Other Problems Due to the Underspecification Of Mutex Initialization

Neither mtx_init() nor mtx_destroy() discussed above, nor any of the other functions that operate on mtx_t objects specifies what state the object is required to be in when the function is called. In particular, none of the functions specfies whether the object is required to be initialized or how.

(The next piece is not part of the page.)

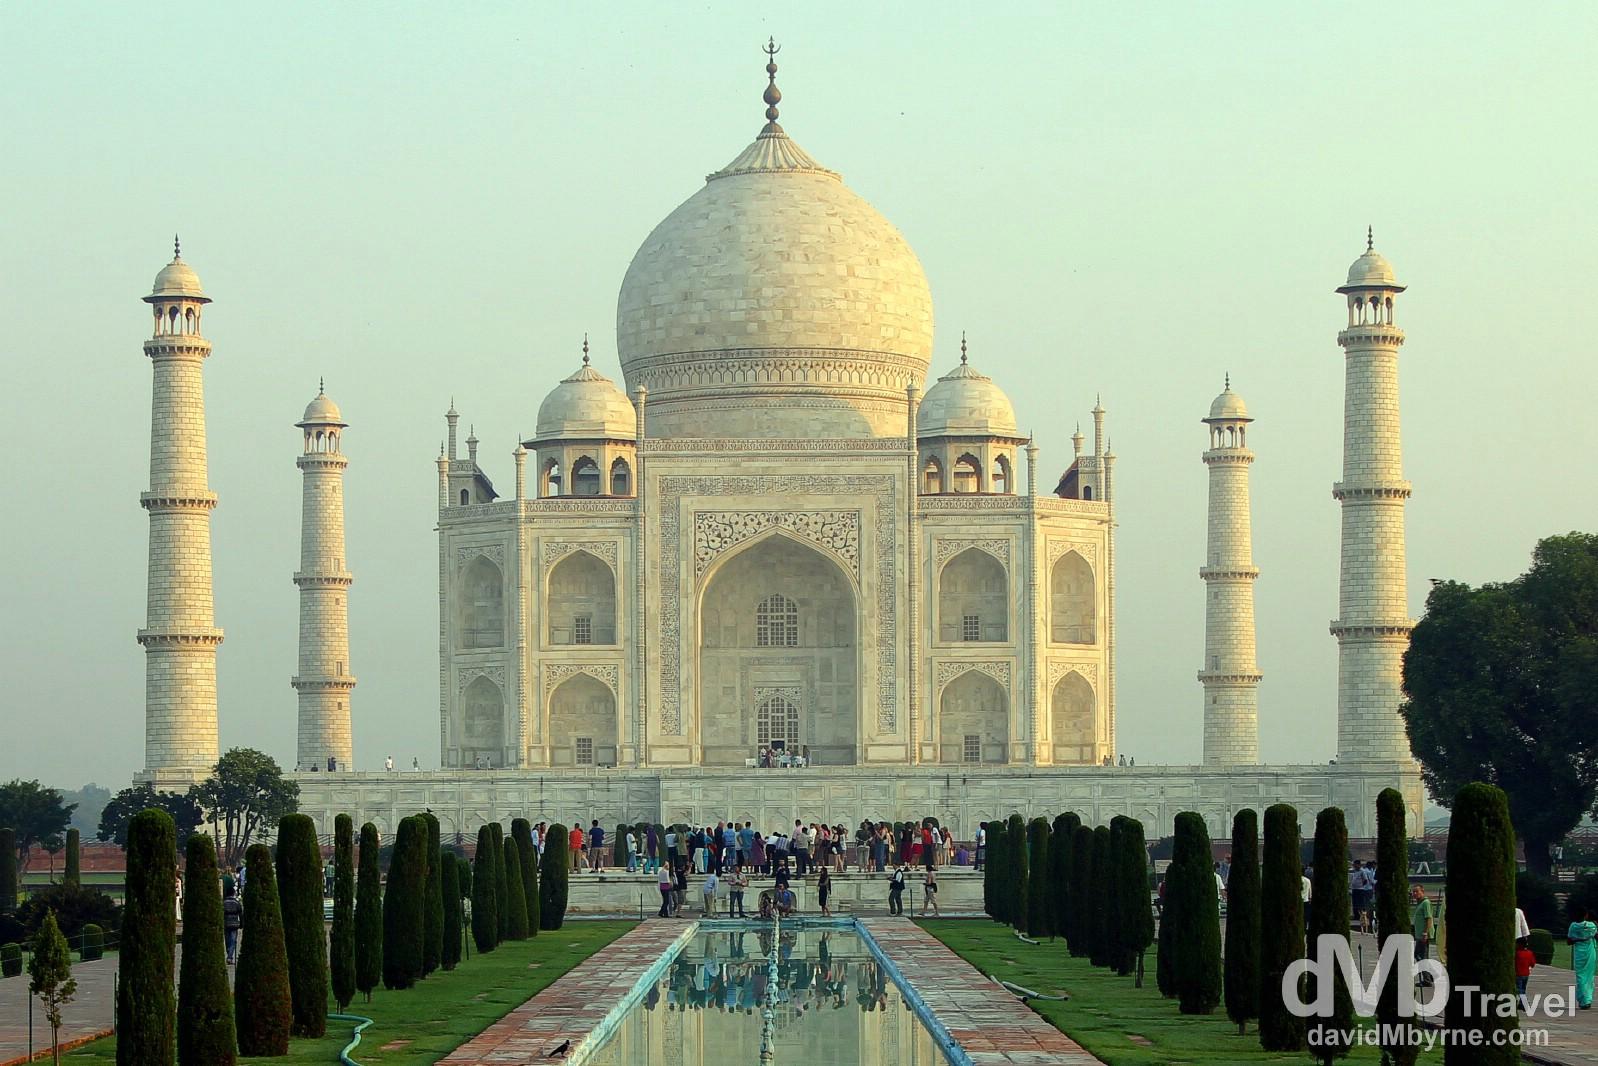 The TaJ Mahal shortly after sunrise. Agra, Uttar Pradesh, India. October 11th 2012.

That gives rise to the following general questions to which the standard fails to provide clear answers:

  1. Is an uninitialized mutex object (i.e., one with an indeterminate value) a valid argument to any of the other mutex functions besides those discussed above? If it isn't a valid argument (as is the most likely answer), are the mutex functions expected to detect the condition and fail by returning thrd_error or is the behavior unspecified, or perhaps undefined?
  2. Similarly, is a statically initialized mutex object (one declared with static storage duration and initialized to all zeros) a valid argument to any of the the other mutex functions? For instance, is such a mutex a valid argument to mtx_lock() and if so, what is the "type" of such a mutex (is it plain, recurisive, or timed), and what state is it in? (Put another way, what are the effects of calling mtx_lock() on such a mutex?)
  3. Assuming a statically initialized mutex object is a valid argument to only mtx_init() but not any of the mutex functions, what mechanism are C11 programs expected to use to statically initialize mutex objects to make them valid arguments to functions such as mtx_lock() (the equivalent of the POSIX threads PTHREAD_MUTEX_INITIALIZER)? Note that while some systems do not provide an API to statically initialize a native mutex object the functionality can be emulated by storing a flag in the C11 mtx_t object and checking that flag in every mutex function, lazily initializing the object as necessary. It is unclear whether C11 intends to require implementations to provide this functionality.
  4. Is there any limit on the the number of times mtx_init() cam be called with a distinct object as an argument without an intervening call to mtx_destroy()? (In other words, must calls to mtx_init() and mtx_destroy() with the same mutex object be paired?) If it is intended to allow implementations to impose such a limit (as some do) how do programs distinguish the usually transient nature of exceeding such a limit from permanent mutex initialization errorss (such as invalid type arguments)?

One might be able to guess what some of the answers to the questions above might be intended to be if one assumes that the library is meant to be implemented on top of an existing threads library such as POSIX threads, but that is not reflected in the specification in any way. Other reasonable guesses include that C11 threads library is intended to provide a simpler though no less safe interface to the underlying threads library on the system (i.e., with no instances of undefined behavior the underlying threads library isn't already subject to), but the lack of even the most basic requirements raises doubt about this intent. Another possible guess is that the C11 threads library is intended to be (or should be possible to be) independent of the underlying threads implementation and provide its own distinct guarantees and impose its own requirements (even though it in many cases fails to articulate them). In the absence of answers to these questions the C11 threads library is essentially unusable as a specification either for the development of implementations facilitating portable code, or for writing portable code.

Suggested Technical Corrigendum

The C11 threads specification should be amended to clearly answer the questions above. Any new requirements should consider the goal of implementing the specification in terms of an existings threads implementation such as the POSIX threads library.